Fourth, the 1948–1950 Sandia documents are the kind of historical archival material the corpus has long treated as the under-discussed deep background of the modern UAP era. The post-1945 period — opening with the atomic-weapons inauguration of the Aquarian age's first datable signs, in the corpus's §III reading — saw a sustained pattern of unresolved aerial-anomaly reports at nuclear weapons facilities specifically. The Sandia documents do not, by themselves, prove the alliance-monitoring hypothesis the corpus develops elsewhere, but they place primary-source material from that period and that class of site into the public record for the first time at institutional scale.
Where this sits in the broader trajectory
Wheel of Heaven interpretation, marked as such.
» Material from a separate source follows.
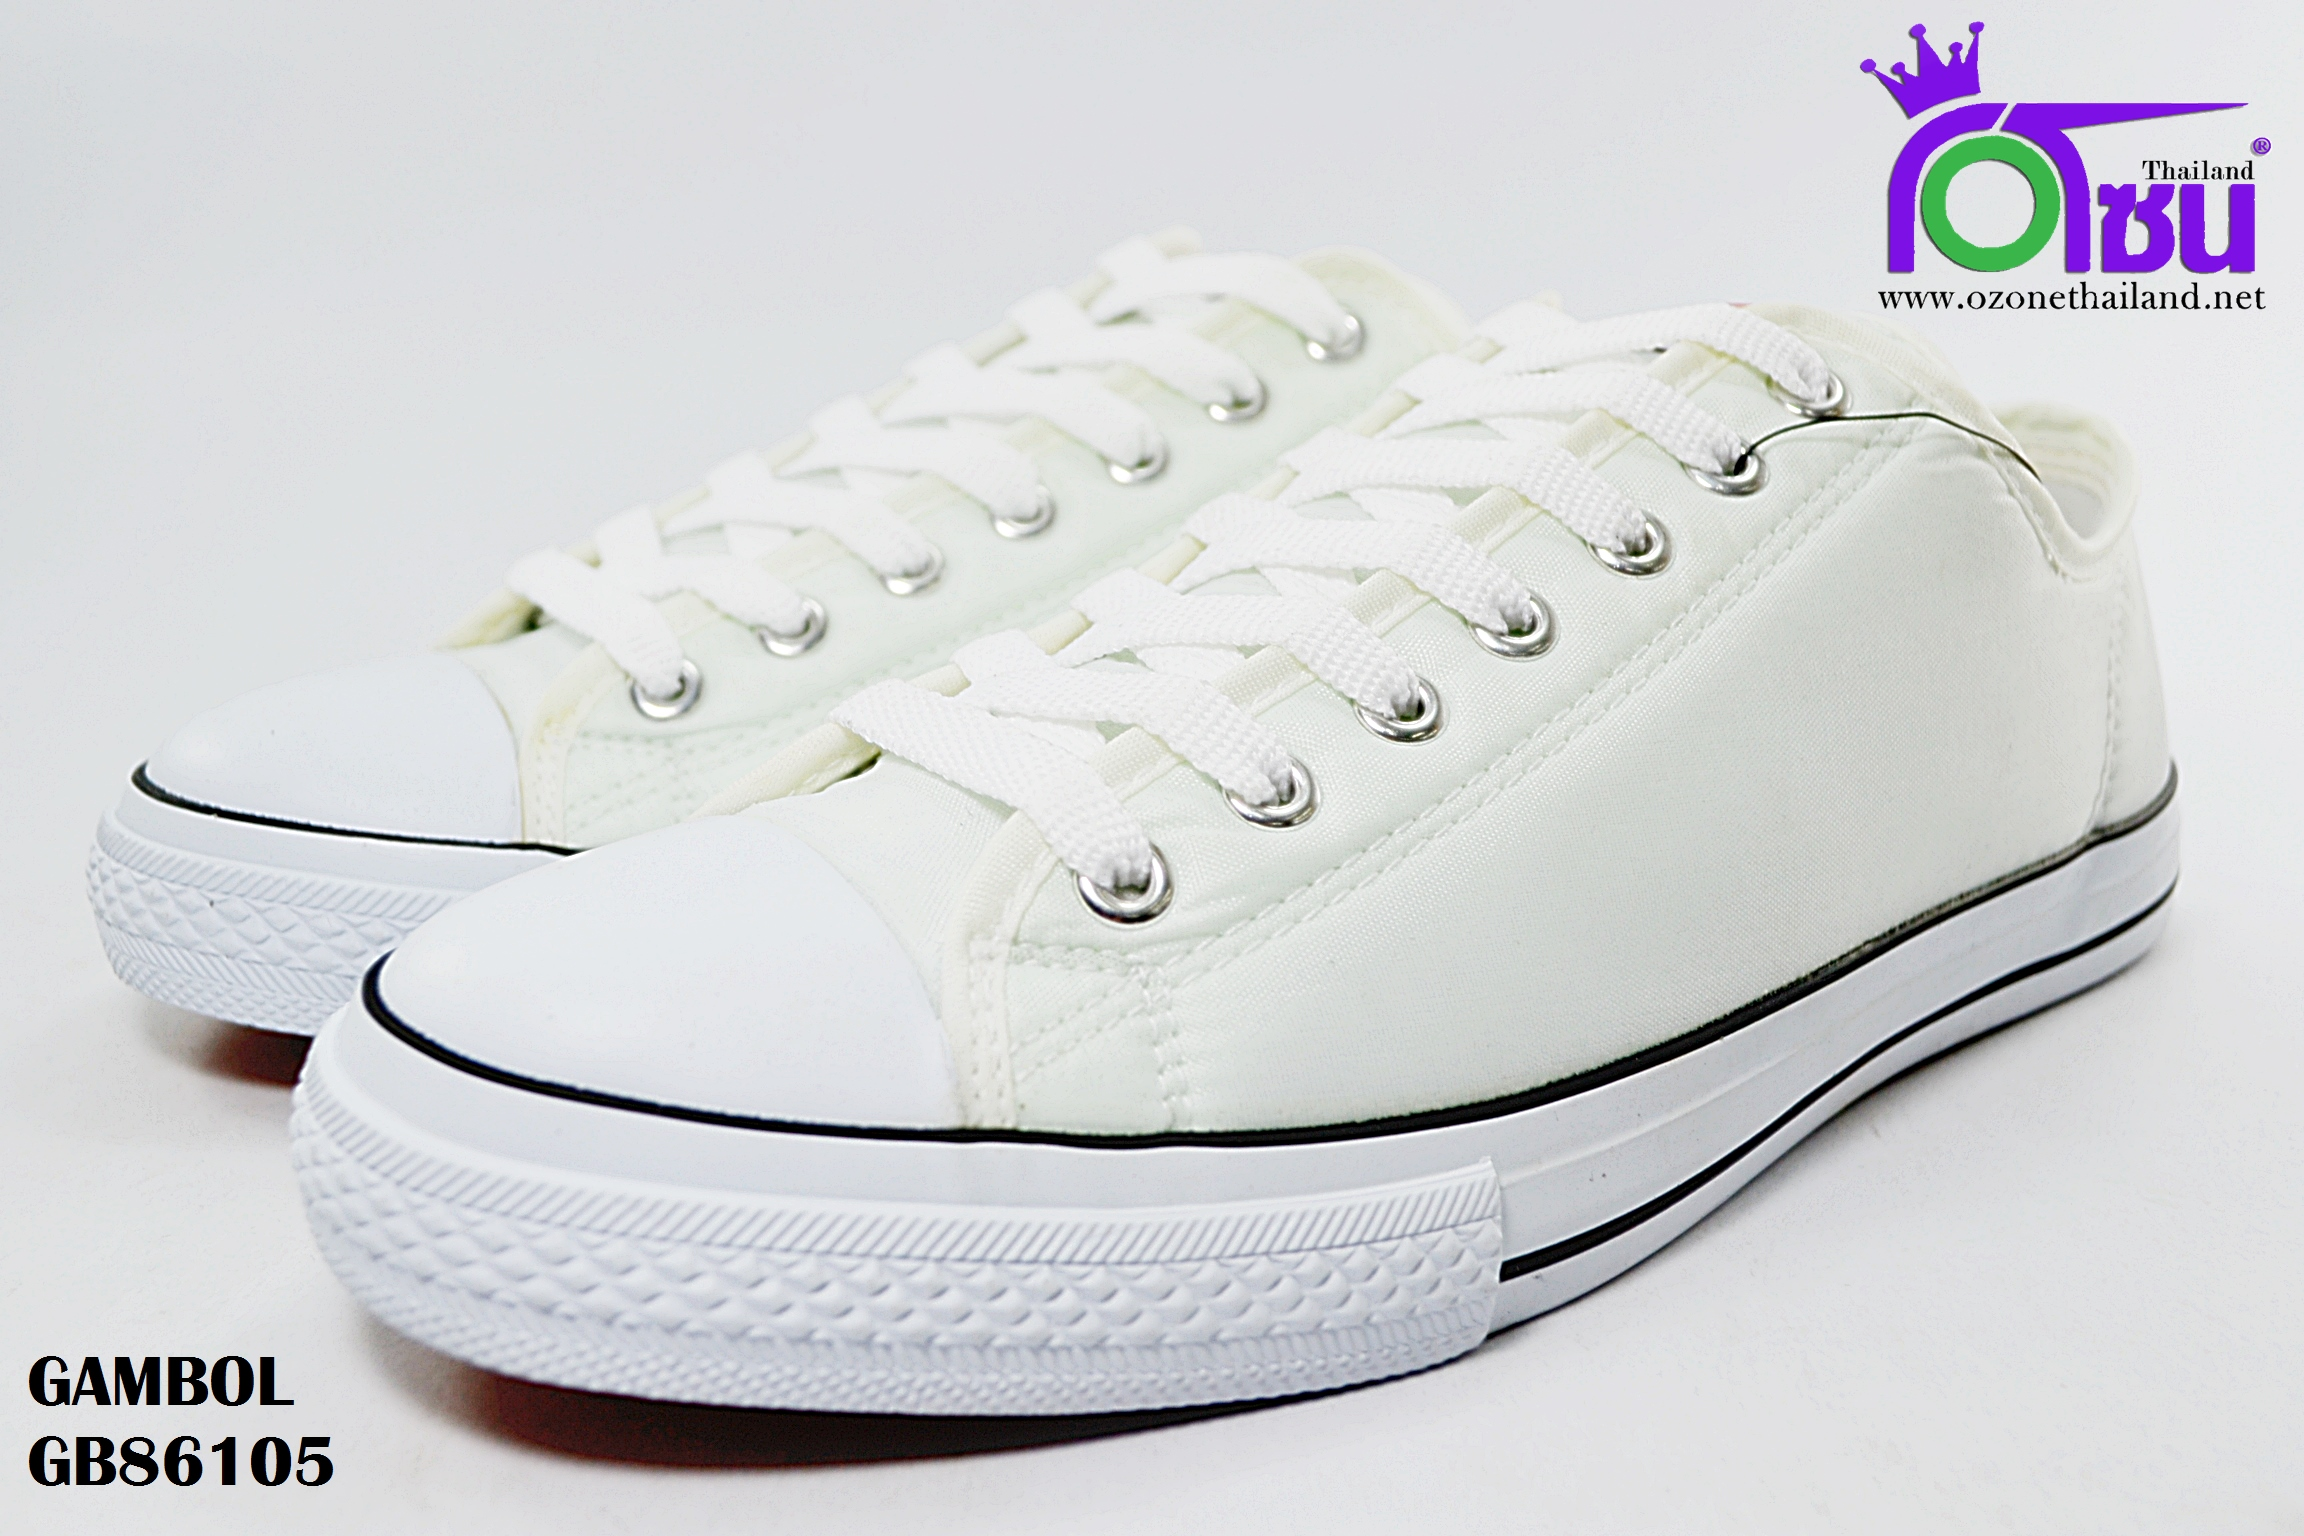 รองเท้าผ้าใบ GAMBOL แกมโบล BG86105 สี ขาว

The first dispatch in this series treated the disclosure trajectory and the broader political trajectory as separable objects of analysis. That distinction holds here. What can be said with confidence about Release 02, on its own terms, is that the program's structural durability has now been demonstrated across a second instance — and that the second instance is materially more substantive than the first, both in image quality and in the categories of phenomena being placed on the public record. The transmedium acknowledgment and the deep-archival Sandia material are not minor expansions; they are the kind of material that previous administrations across both parties have consistently declined to release in indexed, citable form. The fact that this material is now on a dot-gov domain, with the U.S. Department of War's institutional signature attached, is the structural development the corpus is tracking.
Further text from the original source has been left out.